By the 1970s, though, cargo handling and transportation alongside the re-opening of the Suez Canal and South Africa's apartheid pariah status caused a sharp downturn in the V&A's fortunes, and instead, its owners turned it into a leisure site with dozens of restaurants (some have bars for sipping outside on deck), bars, a world-class aquarium, three cinemas (including an IMAX), conferences facilities, hotels, shops; a playground of shining chrome and smiling, busy visitors. However, look carefully and you'll see there remain a few of the older signs of yesteryear...
Near to the site of the original Bertie's Landing restaurant is the Victorian Port Captain's Office (1882) with its Gothic-style Clock Tower; always an icon of the old docks, they were reworked around it so it remains a focal point in the redesigned waterfront. Look out for the second-floor mirror room, which allowed the Captain a view of all harbourside goings-on, and the ground-floor "tide-gauge." Captain Robert Wauchope's Time Ball Tower (1894), next to the Dock House where the Harbour Engineer lived, was a signalling device in which a ball dropped at a set time so that ships' masters could verify the accuracy of on-board chronometers. Next to it is the century-old, bedraggled Dragon Tree (dracaeno draco), believed to result from a seed dropped by a visitor from the Canary Islands -- it suffered badly in 2001 storms but seems to be recovering slowly.

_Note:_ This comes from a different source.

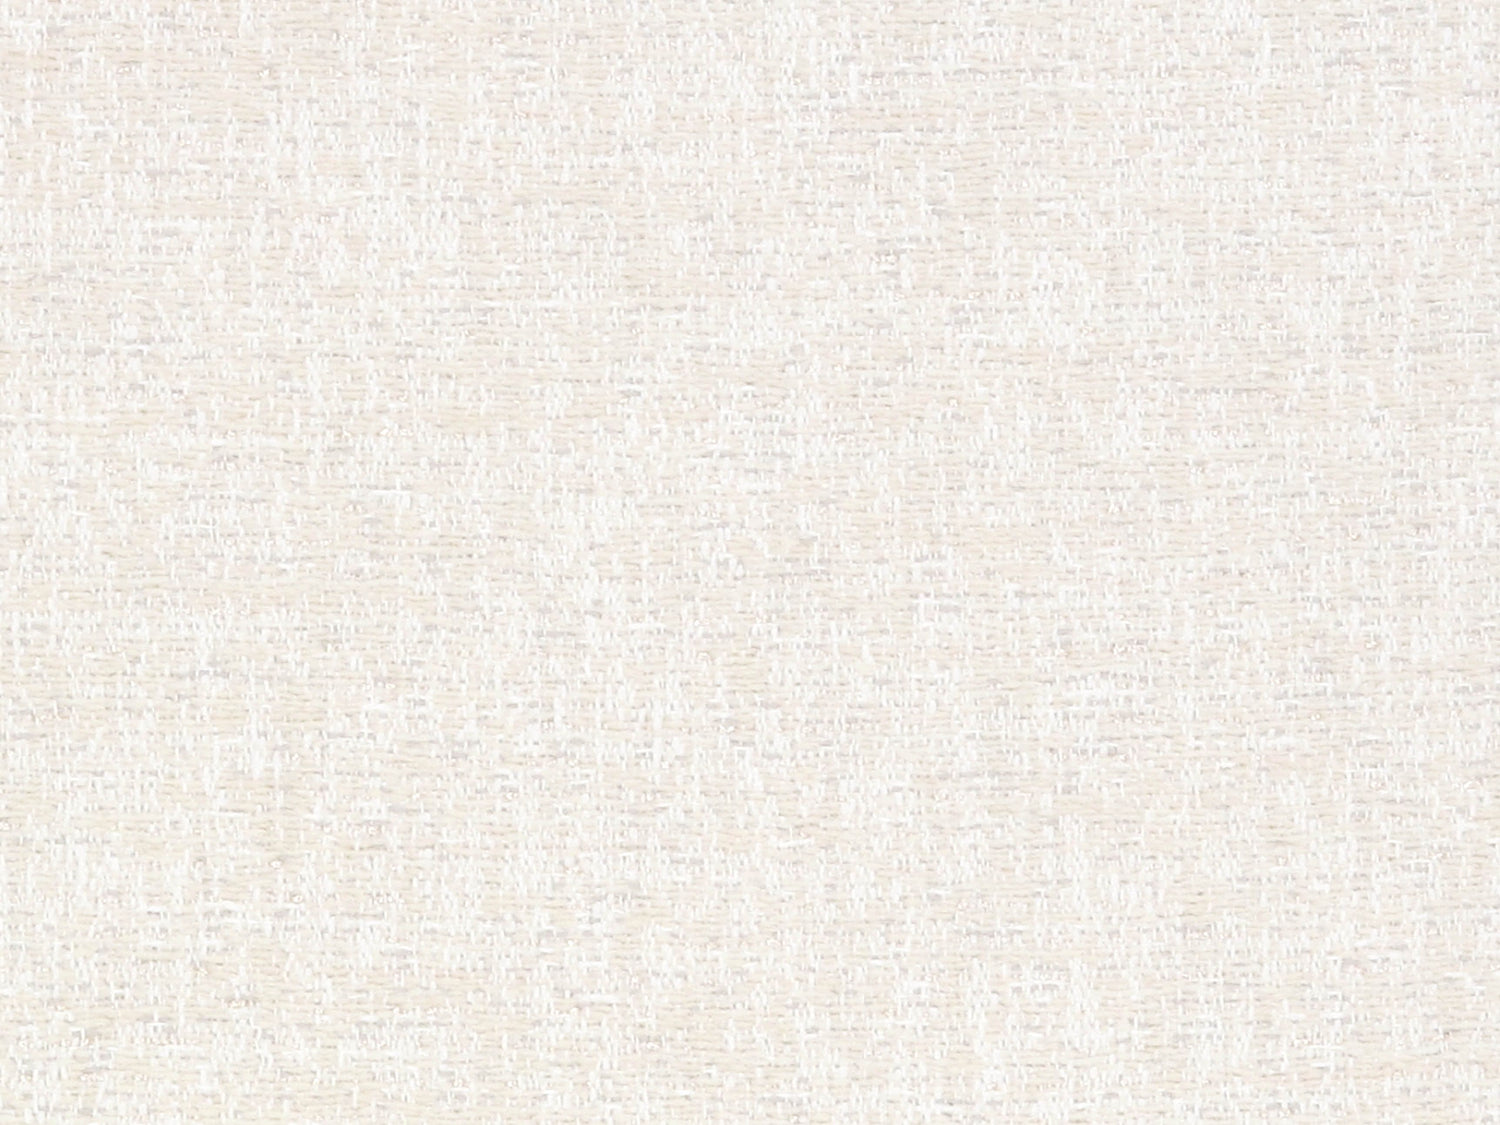 Belle Neige fabric in winter white color - pattern number EY 0028D012 - by Scalamandre in the Old World Weavers collection

Also next door to the red-roofed Clock Tower is the Robben Island Exhibition and Information Centre, where you buy tickets for embarkation on the catamaran for Robben Island guided tours (3.5 hrs; 150Rpp -- see entry above). (At present (Dec. 2003), there's an exhibition of Nelson Mandela's art from his Robben Island days).
Cape fur seals play In the dock waters. "Robben" means "seals" in Dutch - the island was named after them, as they often hung, and still hang, around the area, as a source of food lives there - jackass penguins! They idle around, often in pairs, performing for their own amusement -- occasionally, boatloads of oarsmen pass round the harbour and the seals tag along...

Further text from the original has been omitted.